**Description of the task**
Without altering a word, return the records below, but exclude the pictures.

**Given data**
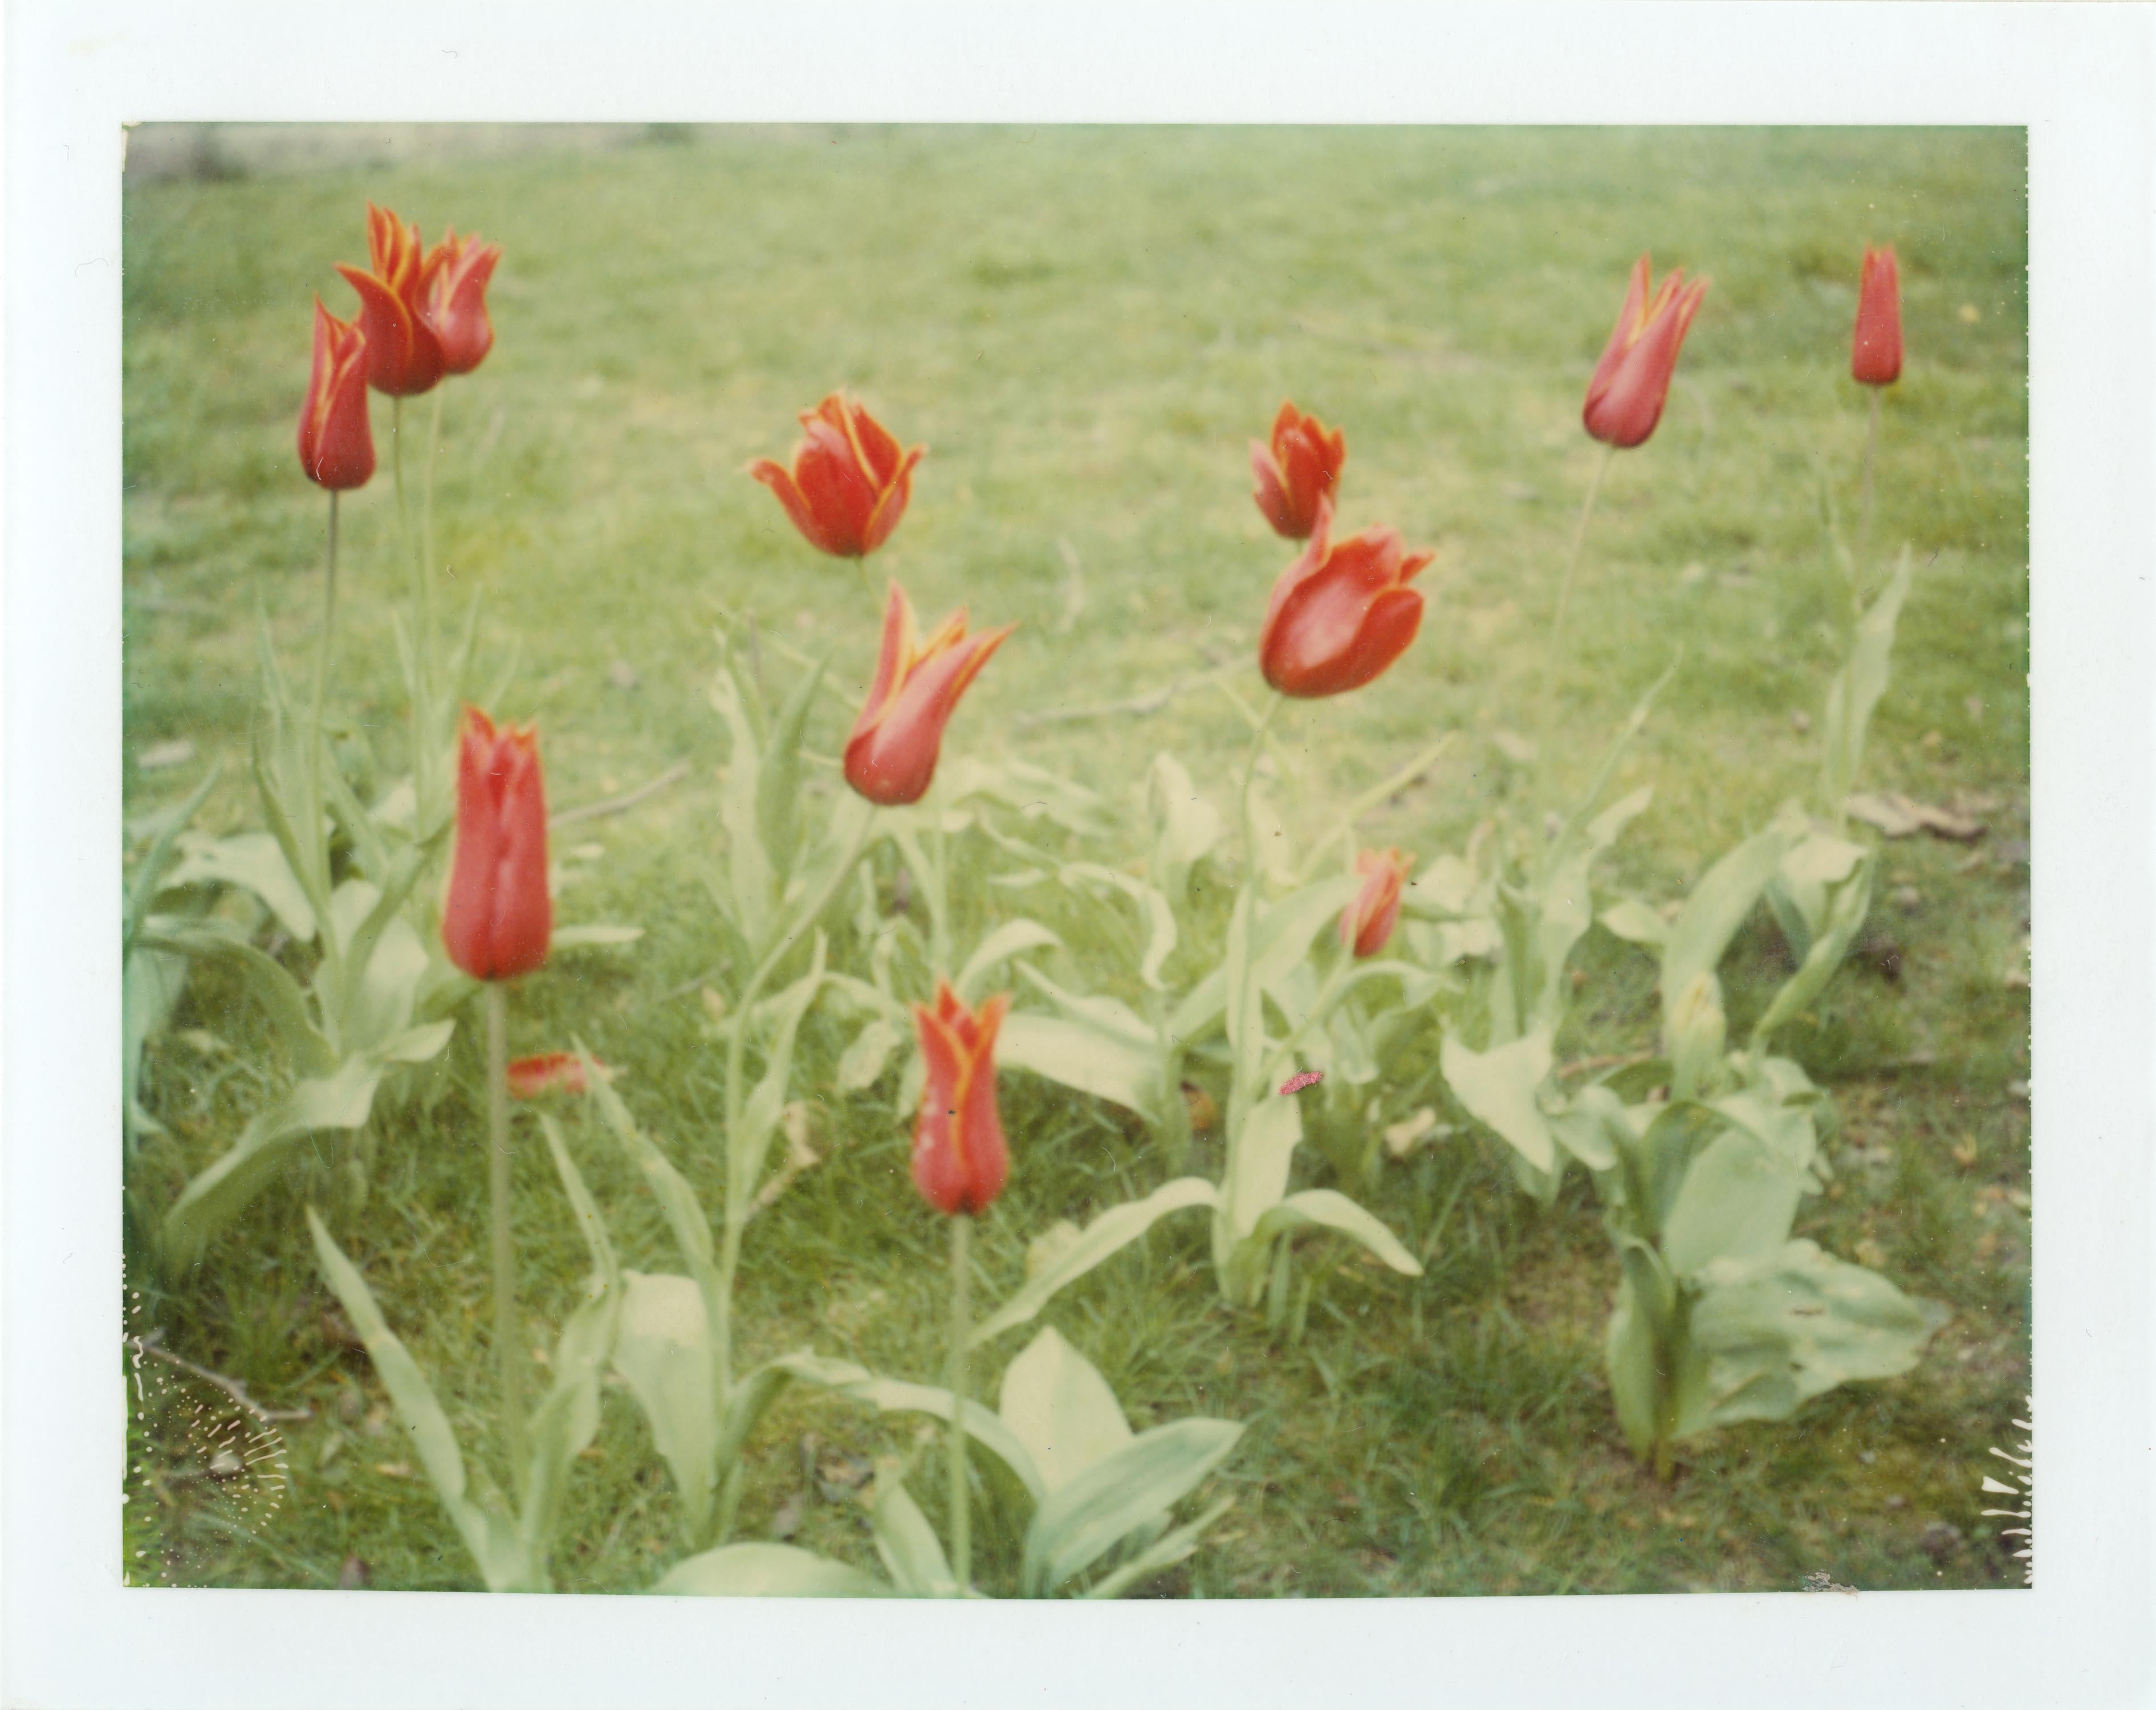 Springtime (Paris) - 1995 / quadriptych - 

4 pieces, 110x130cm installed. 
Edition of 5, each 50x60cm including white borders. 
4 analog C-Prints, hand-printed by the artist and based on 4 Polaroids.  
Signature label and Certificate. 
Artist
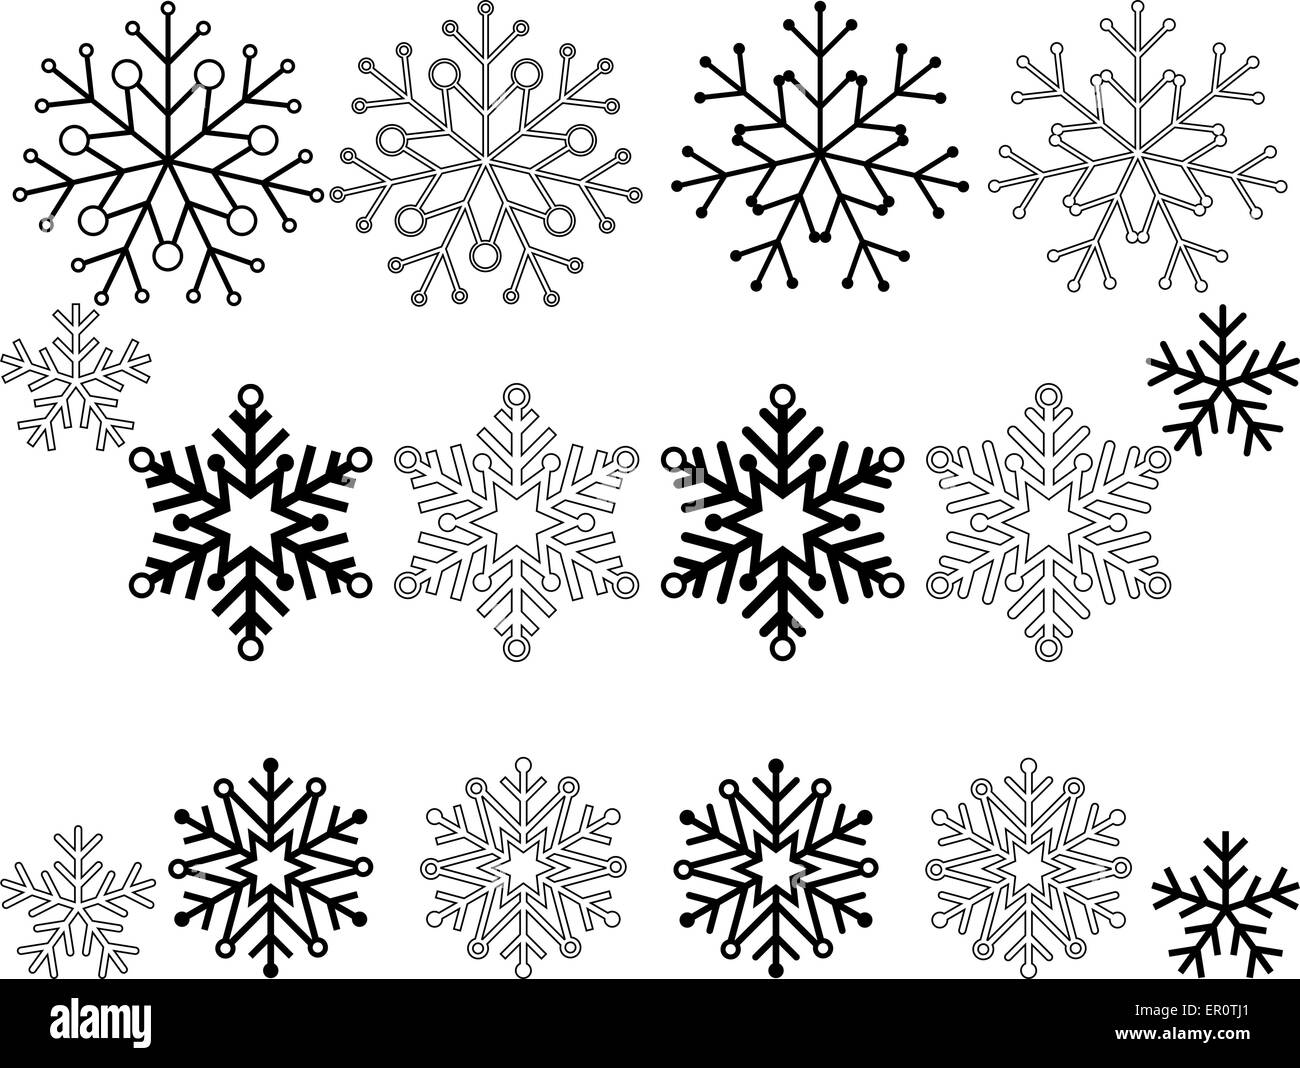 Set of 16 Snowflakes Stock Vector

**Answer to the exercise**
 Springtime (Paris) - 1995 / quadriptych - 

4 pieces, 110x130cm installed. 
Edition of 5, each 50x60cm including white borders. 
4 analog C-Prints, hand-printed by the artist and based on 4 Polaroids.  
Signature label and Certificate. 
Artist
 Set of 16 Snowflakes Stock Vector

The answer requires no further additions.